After a 50-Year Hiatus, the Shelby Daytona Is Back
Everyone knows the Shelby Cobra, the ’60s-era supercar with a snarling Ford V8 stuffed under its British bonnet; able to vanquish period Ferraris and inspiring thousands of replica cars. But at the top of the Cobra pyramid are the Daytona Coupes, six legendary cars that dominated international racing in 1964-’65, then seemingly disappeared from public view. While even the most tired Cobras can now fetch over $1 million, the Daytonas have become the unquestioned holy grail of American performance. Daytonas rarely go up for sale, but when the last one sold at auction in 2009, it fetched $7.25 million.

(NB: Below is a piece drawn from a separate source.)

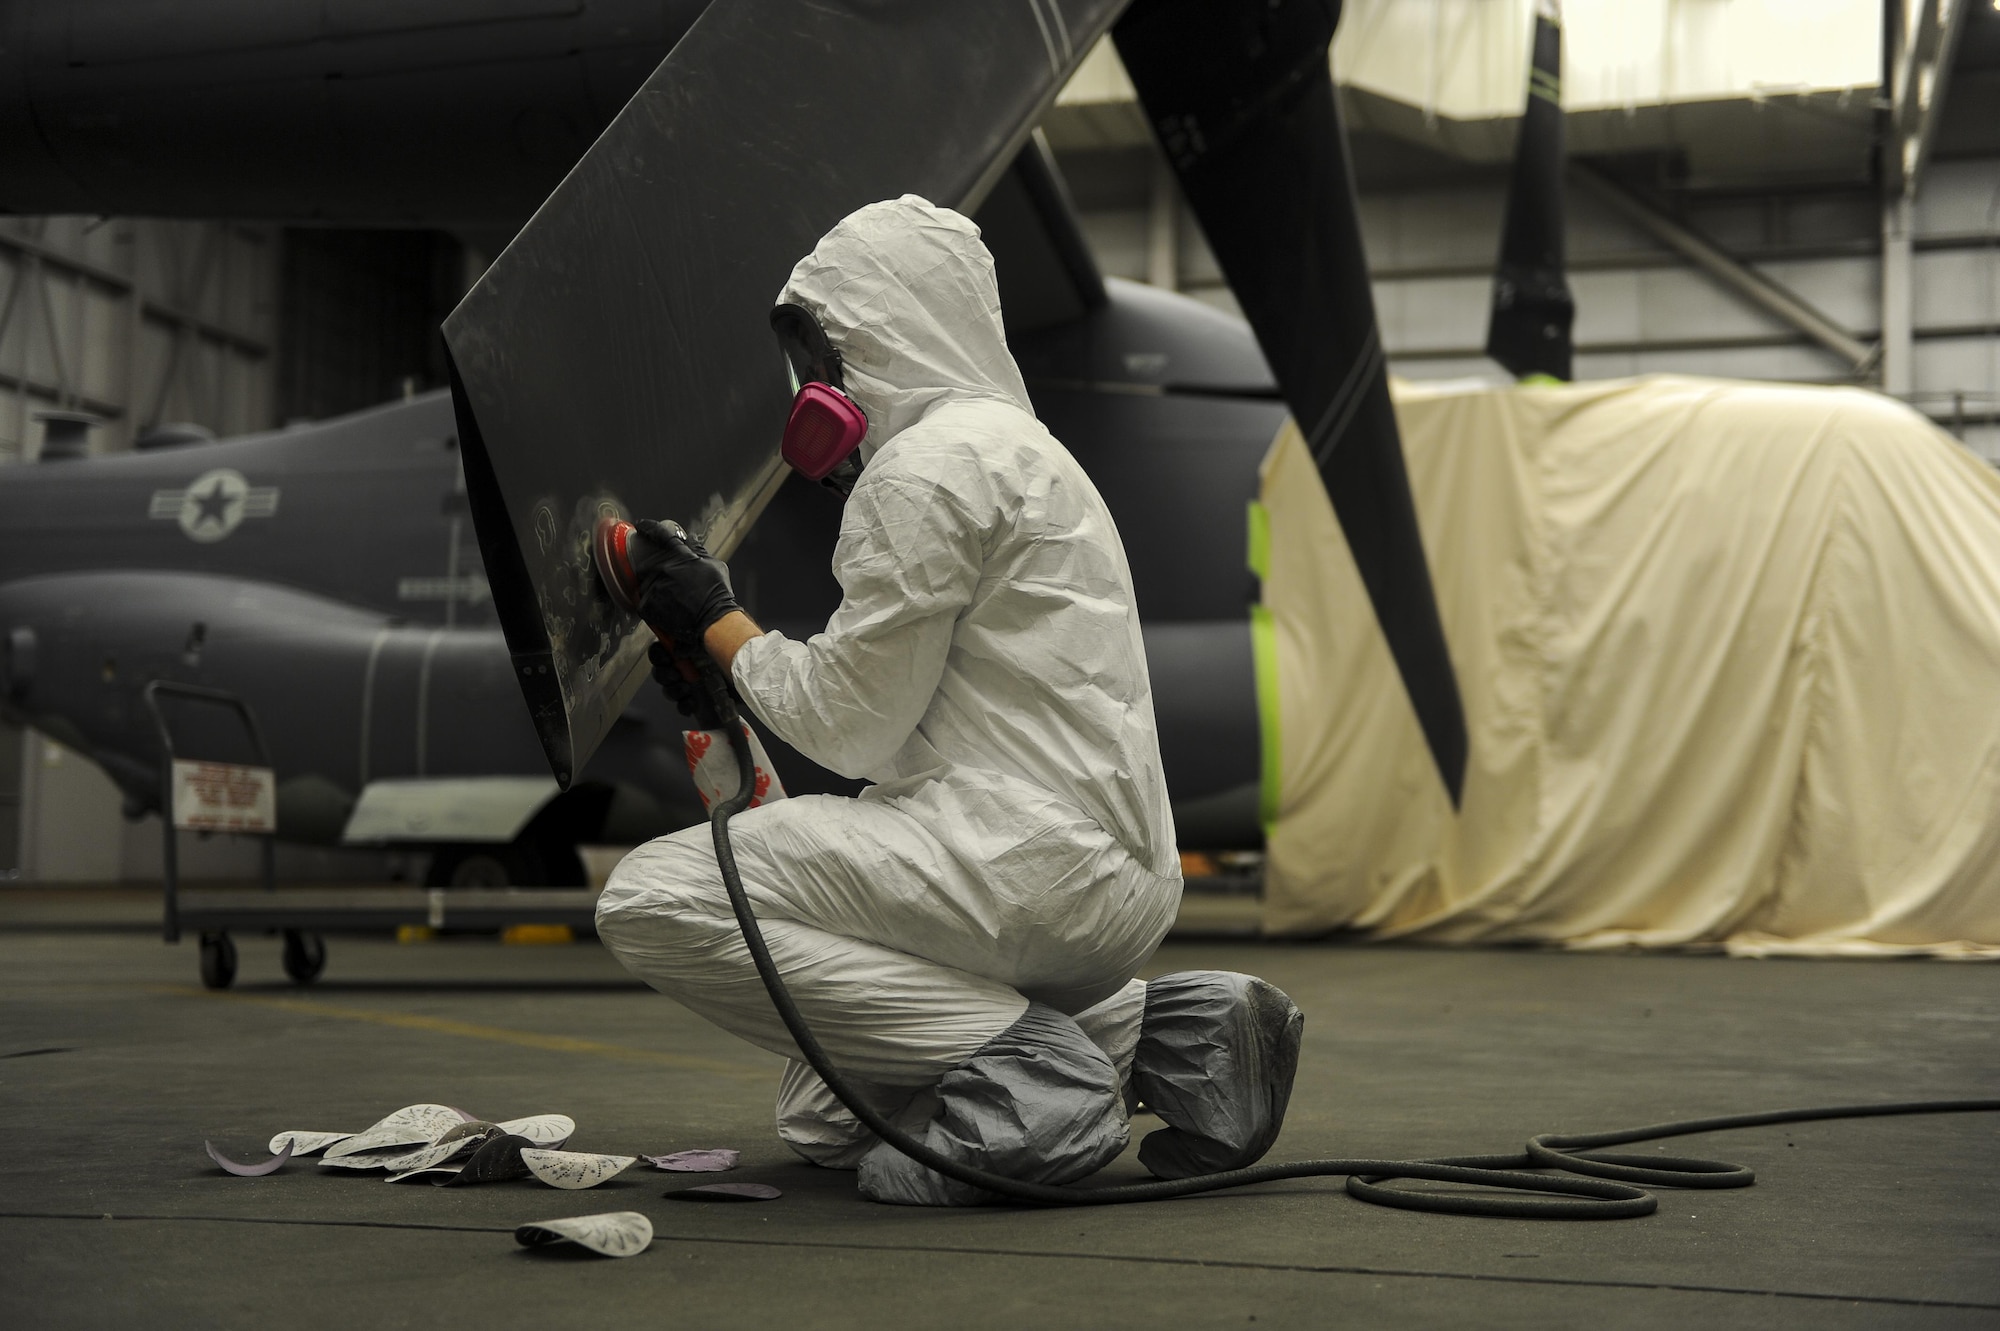 Airman 1st Class Ethan Short, an aircraft structural maintainer with the 1st Special Operations Maintenance Squadron, sands down a propeller to remove paint from a CV-22 Osprey at Hurlburt Field, Fla., March 28, 2017. Sanding down the equipment is the first step in a several day process to ensure the new primer and paint adhere to the surface of the aircraft. (U.S. Air Force photo by Airman 1st Class Isaac O. Guest IV)

And with good cause. While the Cobra was beautiful in its simplicity, the Daytona is nothing short of a masterpiece. It was designed with one thing in mind: to beat the dominant Ferrari 250 GTO in the FIA’s GT class. While aerodynamics limited the hottest “base” Cobra to around 165 miles per hour, the Daytona, with its slippery aluminum body and distinctive kamm tail could reach 191 miles per hour, an astonishing figure for the era. Not only did it vanquish the mighty GTO, it became one of the first American cars to have success in international competition. It won its class at Le Mans in ’64, Sebring in ’64 and ’65, and a host of other victories at places like Daytona, Monza, and the Nürburgring. Before the end of 1965, it had also set 25 land speed records at the Bonneville Salt Flats. And while Ferrari built nearly 40 GTOs, Shelby’s six cars make its former rival from Modena seem about as common as a used Honda Civic.
But within a few months, there will be about six times as many Shelby Cobra Daytonas roaming the earth, making the GTO the rarer beast. To commemorate the 50th anniversary of its dominant 1965 racing season, Shelby is bringing the Daytona back for a limited run of 50 cars, available with either aluminum or fiberglass bodies.

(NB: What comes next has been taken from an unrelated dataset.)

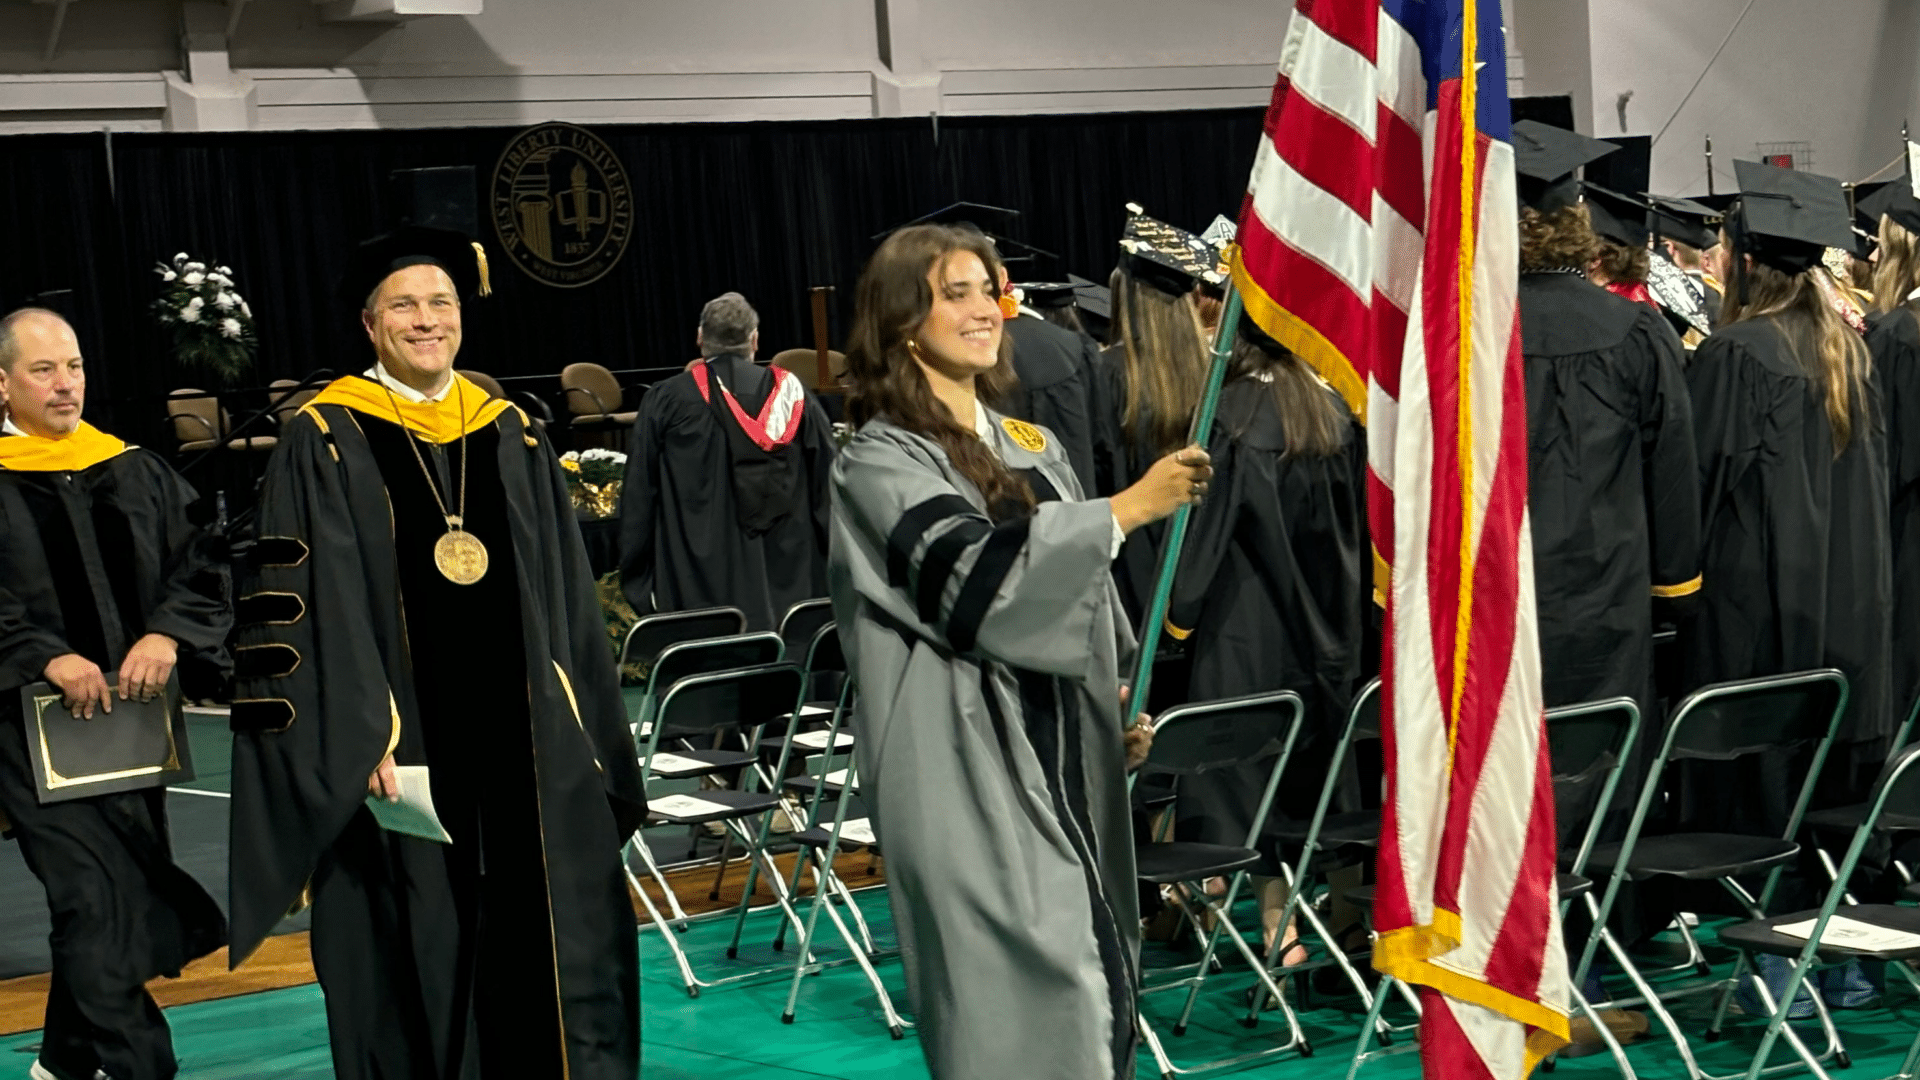 West Liberty Awards Degrees in Saturday Ceremony

Compared to Hagerty’s projection that the originals are worth an average $22.3 million today, the new continuation models seem like a steal. Each car will be built to the owner’s specs, with a fiberglass-bodied car starting at $179,995, or an aluminum model starting at nearly twice as much, at $349,995. Because of safety and emissions laws regarding auto manufacturers, the new Daytonas will be sold sans powertrain as a rolling chassis, though you can purchase a period-correct 289 cubic inch Ford V8 separately through Shelby.
The fiberglass car will be the more civilized of the two, which Shelby says “is true to the spirit of the Coupe, but reimagined as if it had remained in production over the years.” Upgrades include power steering, air conditioning, and power windows and locks. The aluminum-bodied version is nearly identical to the competition cars of 50 years ago, and will be built according to the Daytona’s original blueprints. The resulting car is the closest thing you can get to buying a brand new 1960s GT racer this side of the first Woodstock.

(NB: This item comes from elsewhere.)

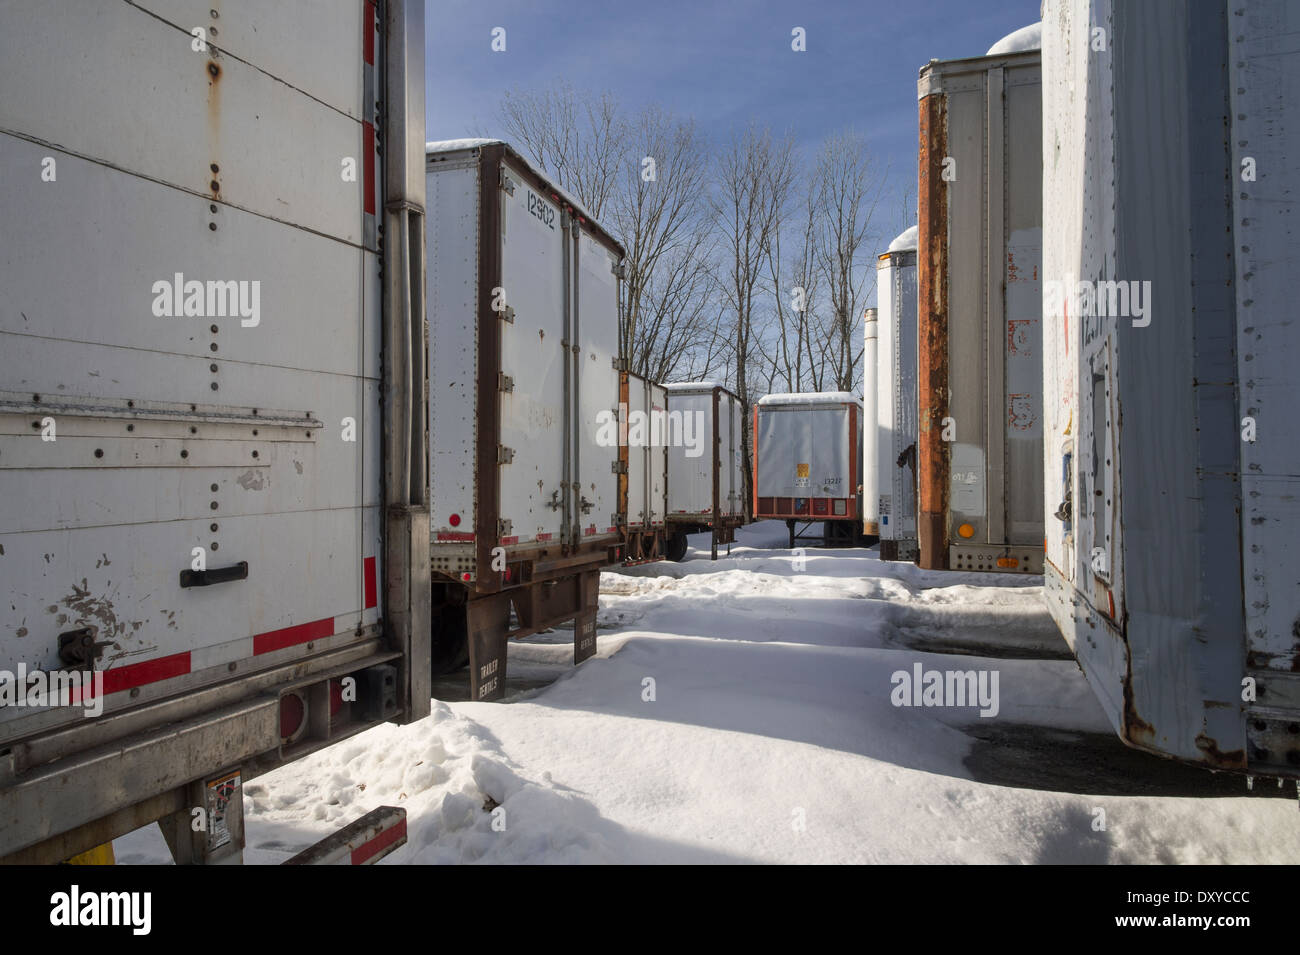 Tractor Trailers Parked In Snow Stock Photo

In 2014, the 1964 Daytona prototype became the first car ever to be awarded National Heritage Status by U.S. Department of the Interior, joining artifacts like the Statue of Liberty and the Space Shuttle Discovery as irreplaceable national treasures. The cars have become so valuable that its likely most of them will never see the open road again. That’s a shame, because with the unholy racket these cars make, they should be experienced by as many people as possible. Instead of cheapening the car’s legacy by building some half-assed tribute, it looks like Shelby has done everything right. It may not seem like that big of a deal, but believe us, the world will be a better place with more Daytonas in it.